Given data:
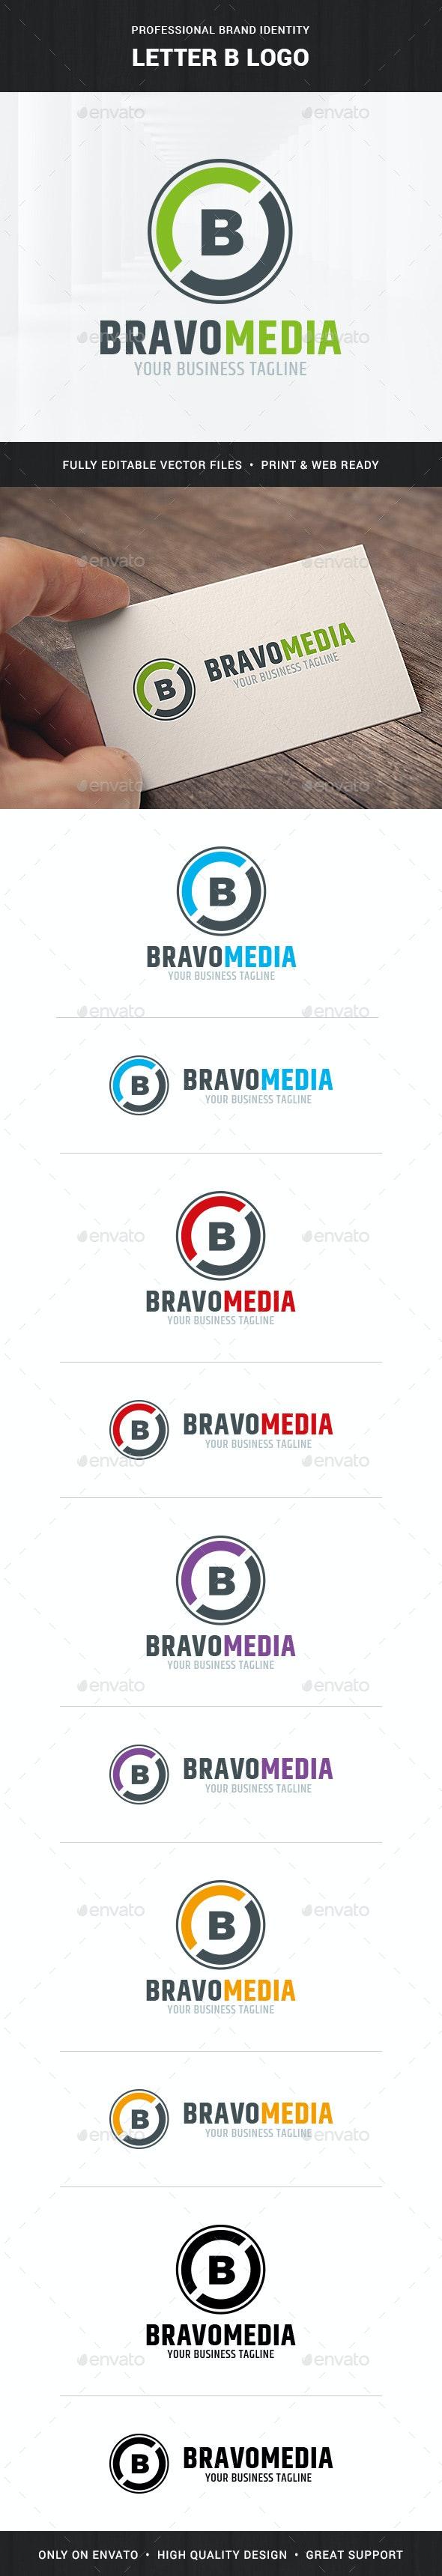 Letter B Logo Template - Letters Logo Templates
* * *
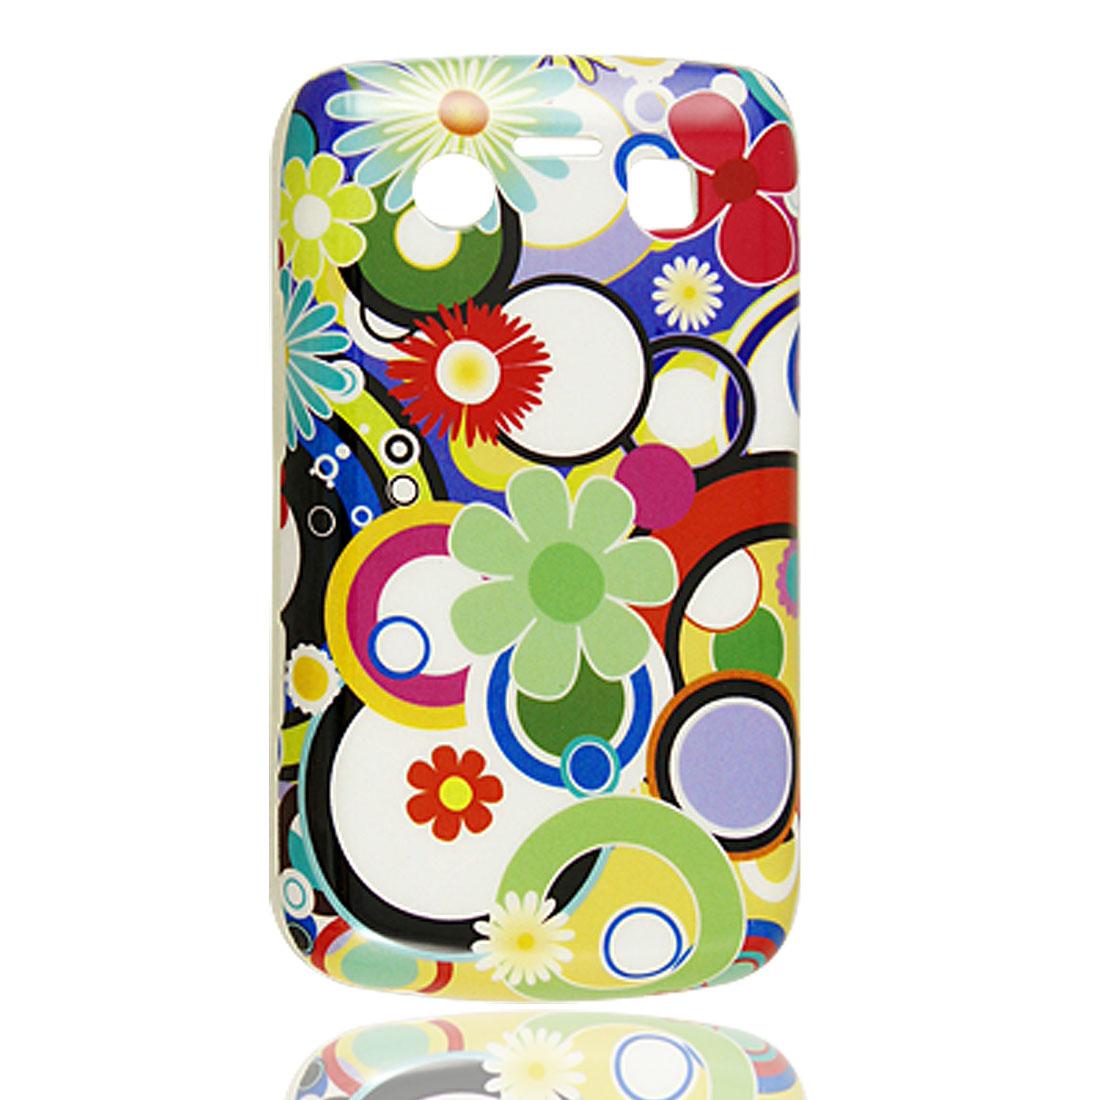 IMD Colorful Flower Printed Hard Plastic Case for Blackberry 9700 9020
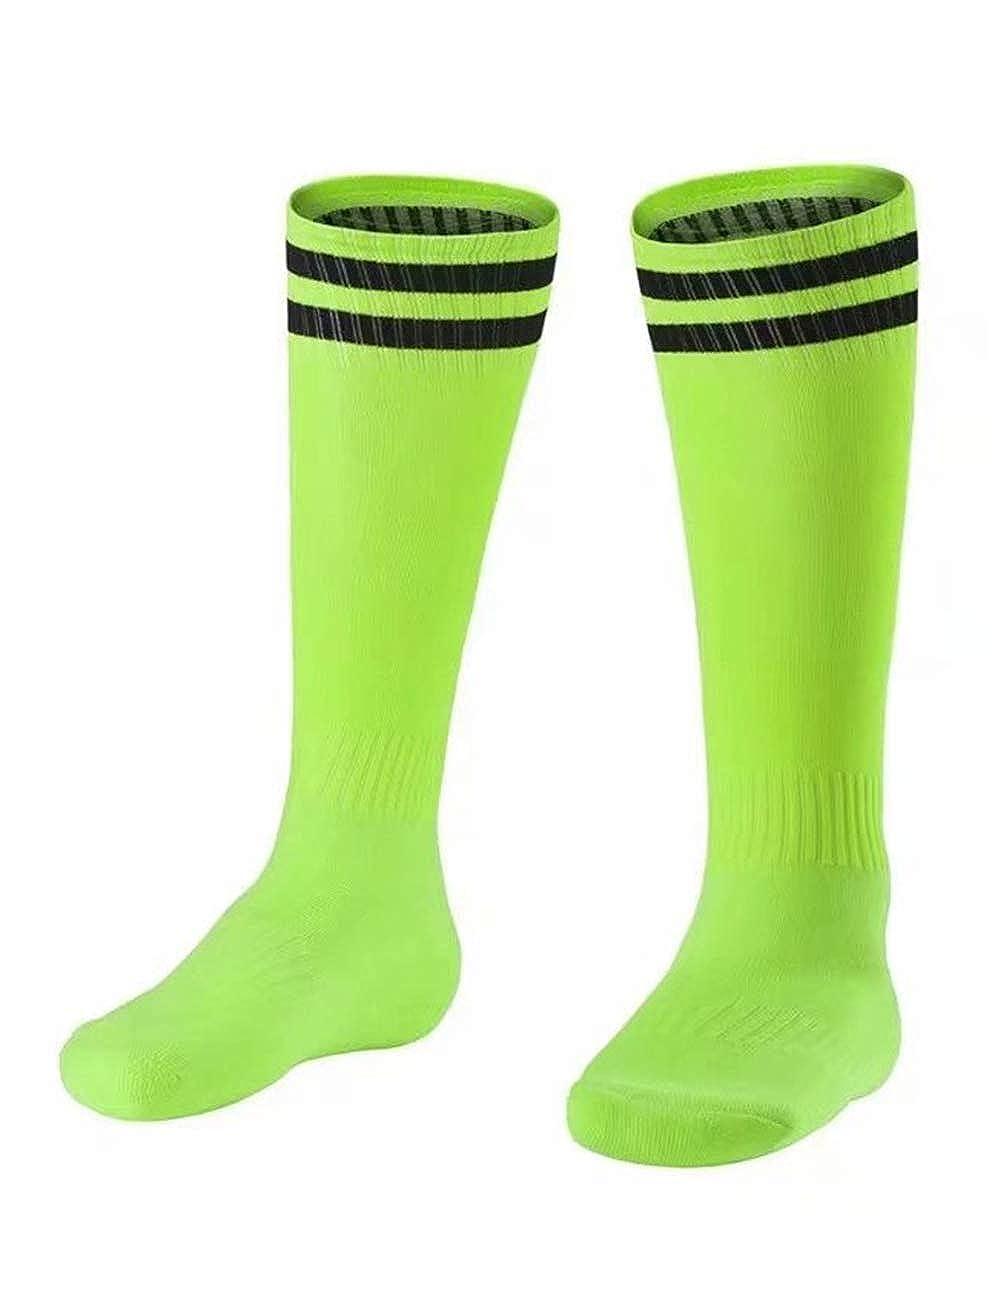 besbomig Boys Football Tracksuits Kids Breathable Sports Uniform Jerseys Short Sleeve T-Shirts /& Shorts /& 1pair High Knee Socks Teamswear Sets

What the task asks: Nothing but the lines above, starting at the line that contains "IMD Colorful Flower" and ending at the line that contains "besbomig Boys Football", should be given again, exactly and without the pictures.

Solution to this exercise:
 IMD Colorful Flower Printed Hard Plastic Case for Blackberry 9700 9020
 besbomig Boys Football Tracksuits Kids Breathable Sports Uniform Jerseys Short Sleeve T-Shirts /& Shorts /& 1pair High Knee Socks Teamswear Sets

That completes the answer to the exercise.